People like my DH and I find labeling Byzantine, illogical, and annoying in the extreme. But we don't find it terrifying. DD's allergies (and threshold) make it
terrifying. I don't see this changing that, since people like her supposedly don't exist.
The kinds of initial ingestions that get reported out of studies on desensitization? Frankly, what they are reporting as an "average" tolerated dose
boggles my mind when I consider what we know my DD's threshold to be. If a threshold gets set at 100 mg-- or even 25 mg-- per serving... on the basis of the "fact" that the center of the tolerance distribution is at 250 mg (which it isn't-- this number is made up for the purposes of this post), and therefore "everyone" can tolerate 25mg without danger...
I think that is WRONG if it means that companies will no longer TELL us if something is on shared lines. If they'll divulge it, great... but I'm skeptical, based on my experiences over the past decade.
Would I rather that the food industry gave up? Did nothing at all? No, of course not. But I think that at the moment, actually REPORTING a
level of average contamination is beyond the scope of what is feasible. And
that is likely to be the best (eventual) answer for everyone involved.
Think about that--
M&M's label... peanut tested at 40+/- 10 ppm.
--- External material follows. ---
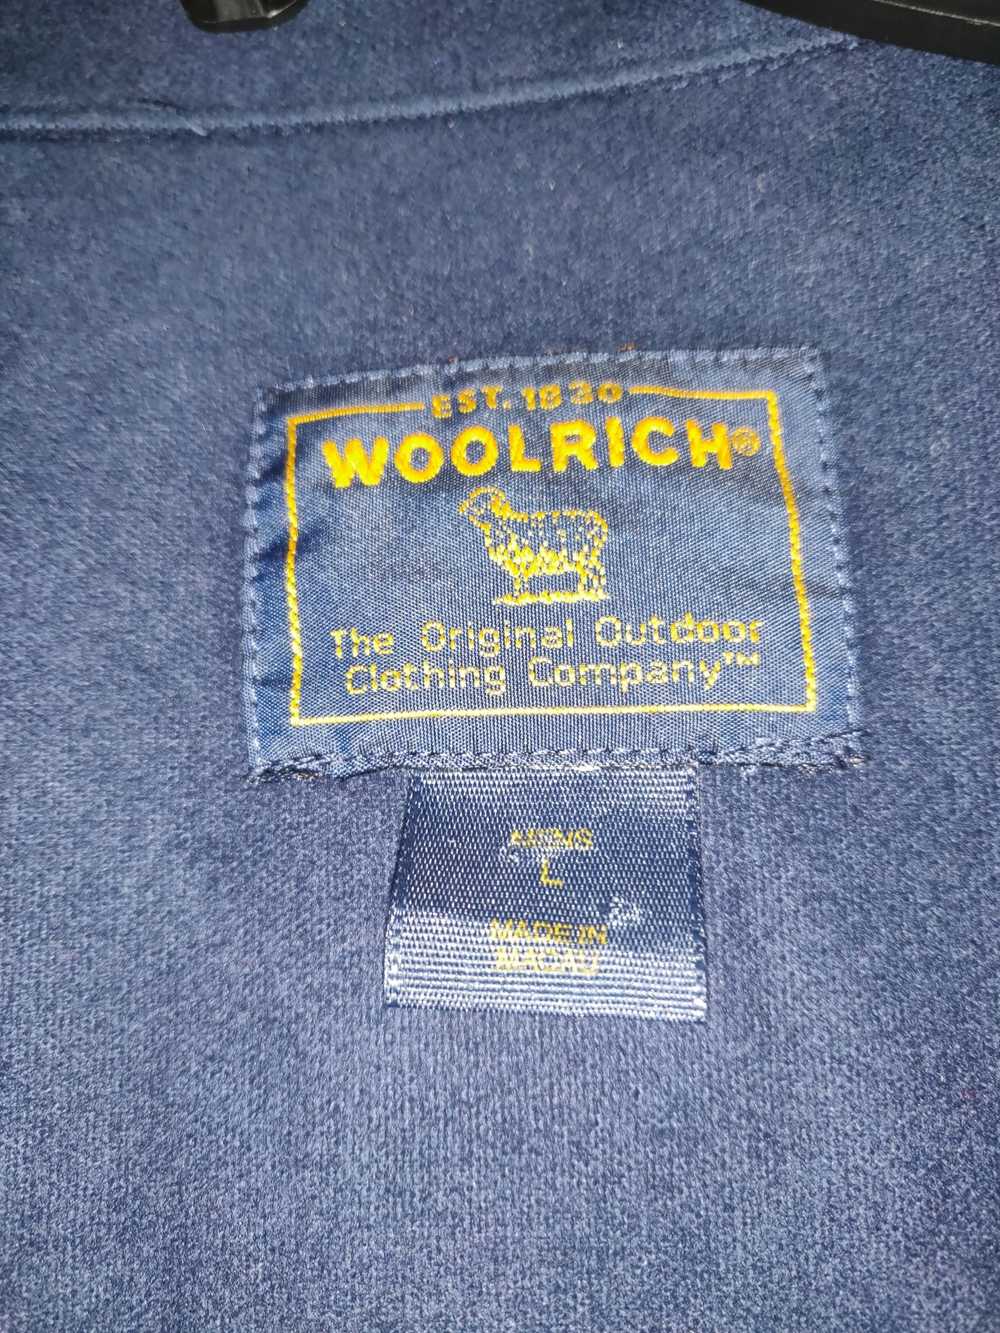 Vintage × Woolrich Woolen Mills VINTAGE Woolrich … - image 4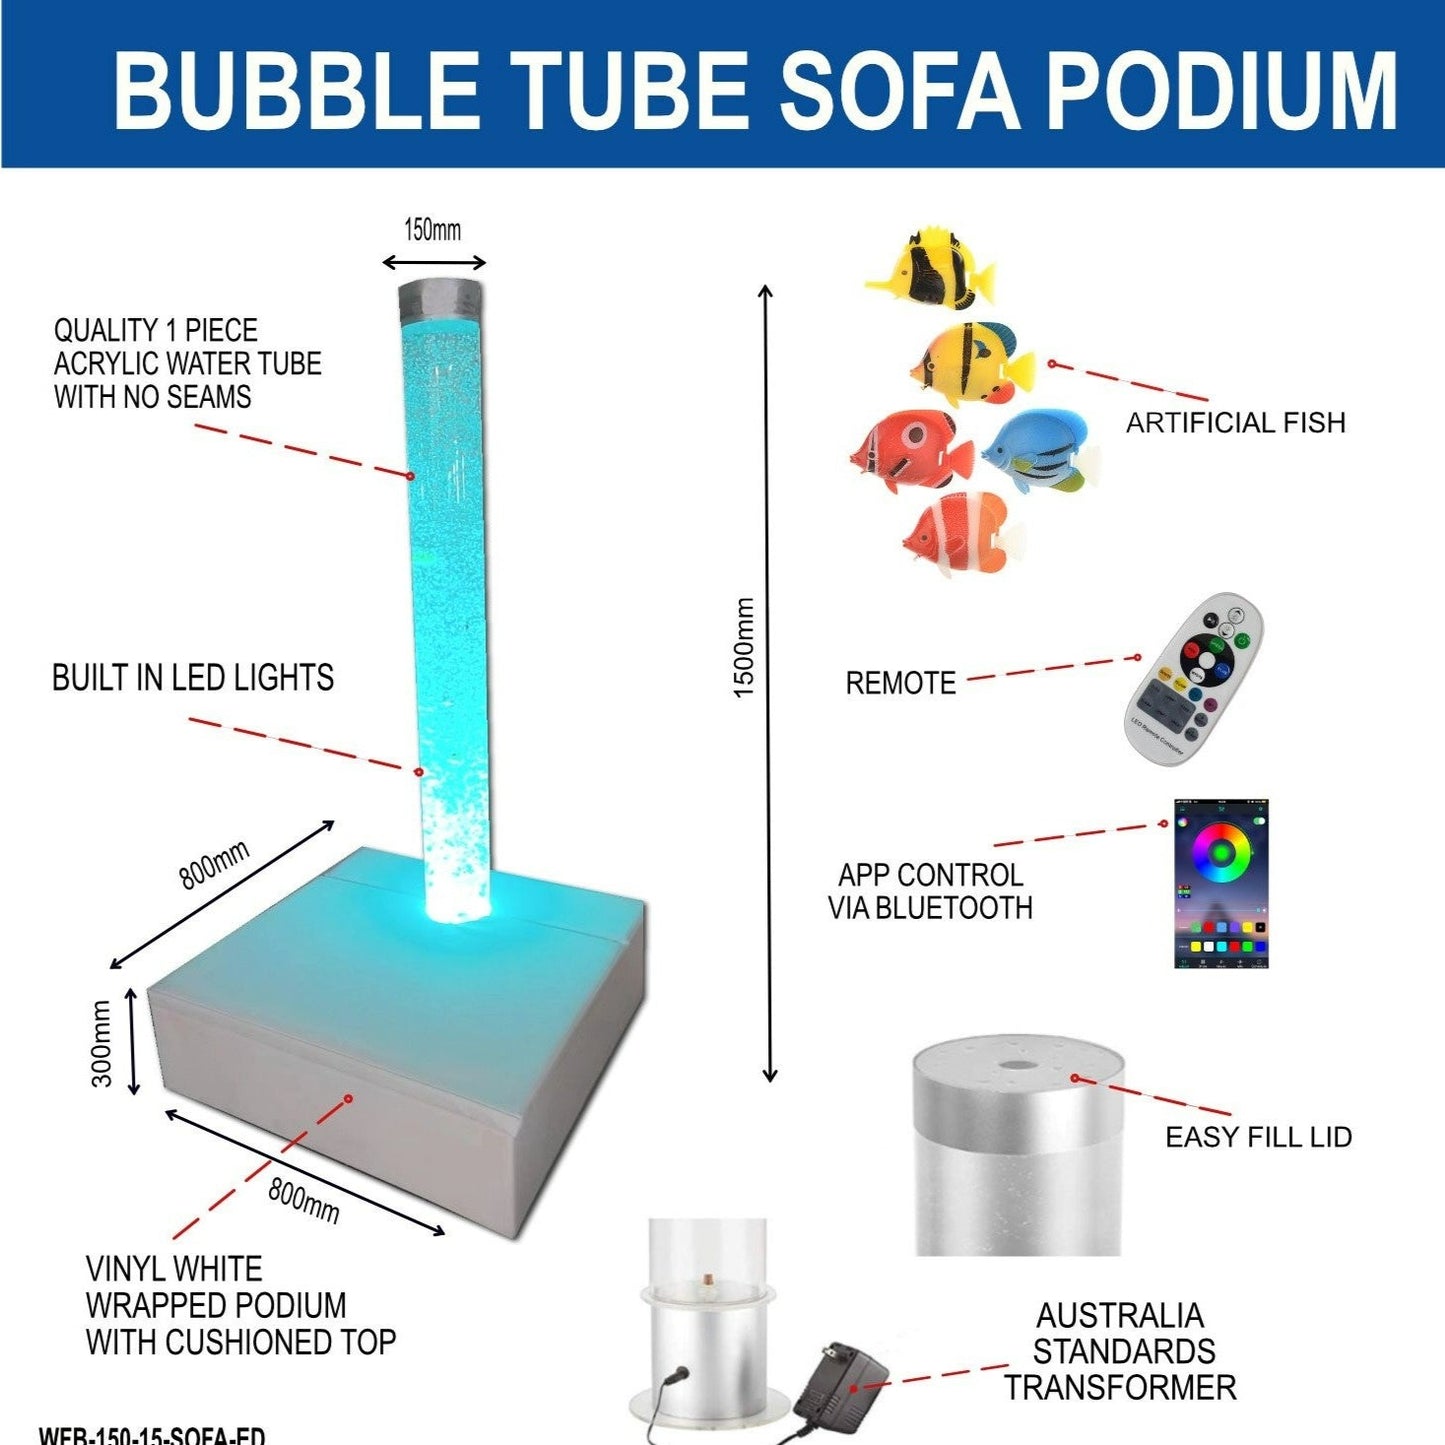 Bubble Tube Podium Specs

Then people really COULD decide for themselves whether or not that was safe for themselves. On the basis of actual INFORMATION. Unfortunately, without knowing what the actual limit of detection is, it doesn't do any good to say it's "below the limit of detection." Because hey, if my "method" of determination is..... visual? That's whole peanuts per serving. If it's by... LICKING the sample... it's still probably a couple of peanuts per serving, and it's going to vary depending on how spicy or cold the food is when I taste test. Is it 'safe' if I say it's below my limit of detection?
Maybe for someone it is. But for a lot of someone elses, it certainly is not.
Sorry. I don't think that is "getting lost in the science." I think that this particular science isn't yet up to this particular task, and pretending that it
is is dangerous for some food allergic persons. I
want to believe. I do. But I haven't seen anything yet that convinces me that anything good is going to come of this for people like my DD. I'm worried for those people.